From the description, I deduced that we were talking about a variation of the subset sum problem which is a special case of the knapsack problem. Faint memories of my time at university arose; I couldn't resist the weird intellectual tickle. Or maybe it was just the beginning of my pollen allergy for this year big grin Anyway, I searched high and low on my quest to reacquire long-lost knowledge.

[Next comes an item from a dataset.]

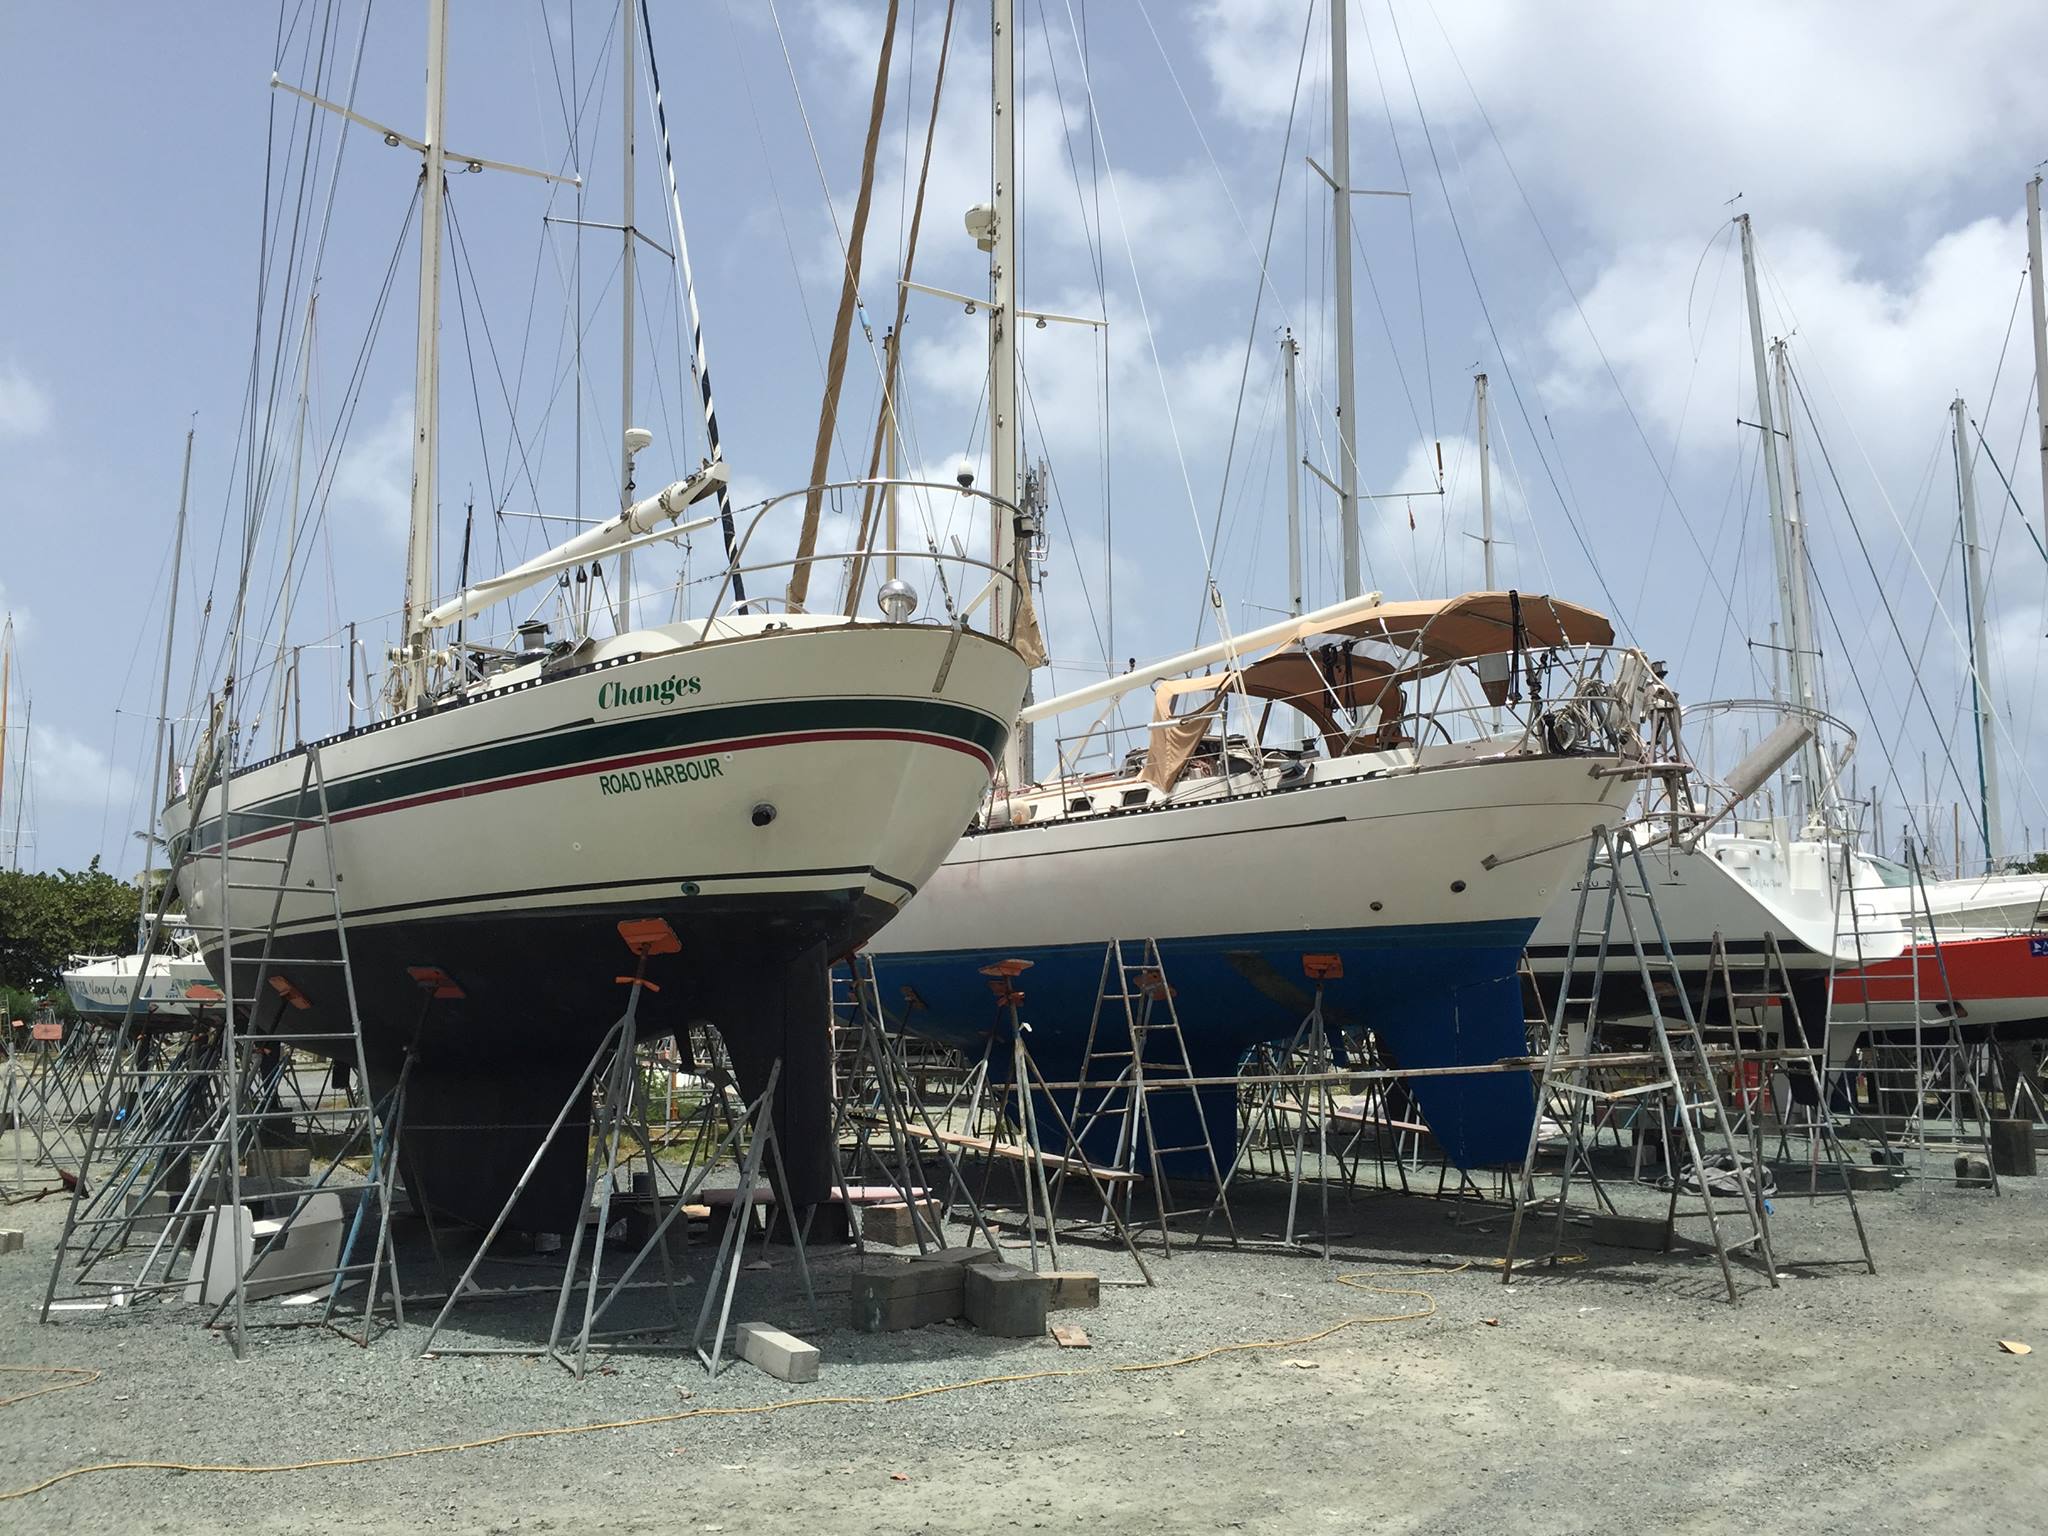 44 foot lafitte sailboat

One of the weirder search results was a TV show called Des chiffres et des lettres which has been running for ages now on French TV. In that show, they play a game called "Le compte est bon" which is actually a variation of the subset sum problem! The candidates are supposed to solve this puzzle in about a minute or so during the show. Wow - these French guys must be math geniuses! wink

Anyway, I couldn't help but try a subset sum algorithm in Lisp. I ran it both using CLISP and the implementation of Lisp provided in CoCreate OneSpace Modeling. I started to collect some benchmark results for CLISP, comparing interpreted and compiled code to get a better feeling for the kind of improvements I can expect from the CLISP compiler. In the case of CLISP, the compiler improves runtime by roughly an order of magnitude. See the discussion of the algorithm for detailled results.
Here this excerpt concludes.